Bilateral trade relations between Asia’s two economic superpowers have once again exceeded expectations. According to statistics released recently by the two countries, India-China bilateral trade reached US$61.7 billion, exceeding the trade target of US$60billion by 2010. The next bilateral trade target has already been set at US$100 billion by 2015.
Rising Indian imports led by Chinese machinery touched US$40.8 billion, while Chinese imports from India, mostly driven by cotton and iron ore amounted to half that – US$20.8 billion during 2010, leaving a record trade imbalance of US$20 billion in China’s favour.

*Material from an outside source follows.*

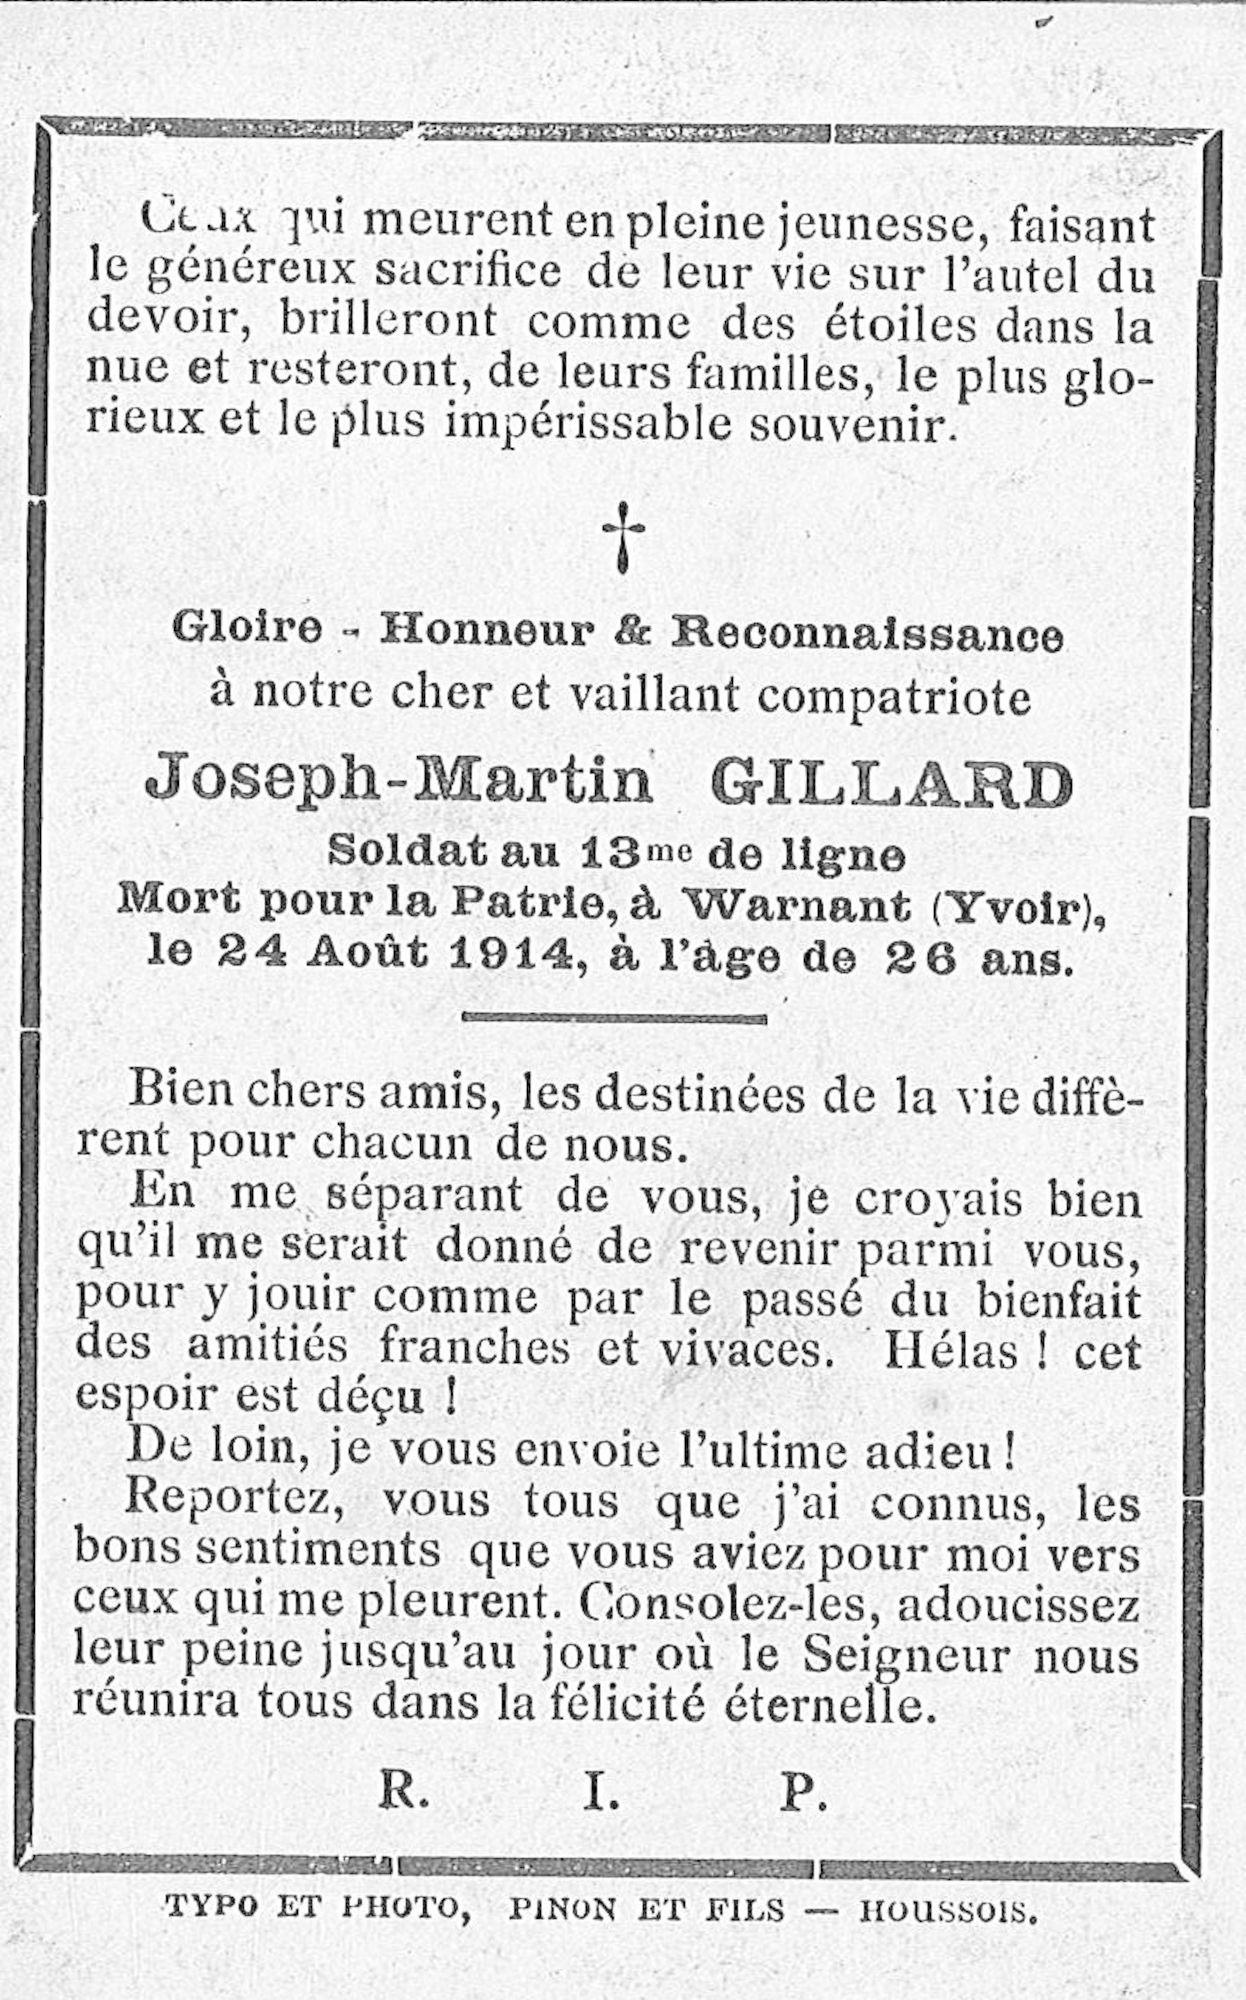 Joseph-Martin Gillard

As bilateral trade booms an optimistic sector worth looking into would be the pharmaceutical space especially with China set to accelerate a US$2-billion reform in its healthcare sector in coming months. Officials from China’s State Food and Drug Administration led by Mr. Zhang Mao, Vice Minister of Health recently visited India and met health ministry officials as well as executives from pharmaceutical and drug manufacturing companies as well as people involved in rural healthcare and health policy planning. A reciprocal delegation of Indian pharmaceutical companies is scheduled to visit China in March.
While China is strides ahead in administering rural healthcare and healthcare administration in urban and rural centers, collaborations with low-cost drug manufacturers is a massive opportunity between the two countries. Drugs for foreign diseases such as cancer and Aids are extremely expensive in China, sometimes four times the price, thereby rendered unattainable for China’s masses. Lastly with an ageing population, India’s role in low cost drug manufacture is vital for China to sustain a competitive healthcare regime. Moreover, both governments have been actively working together to ensure smooth trade and collaborations between the two countries in the pharmaceutical space.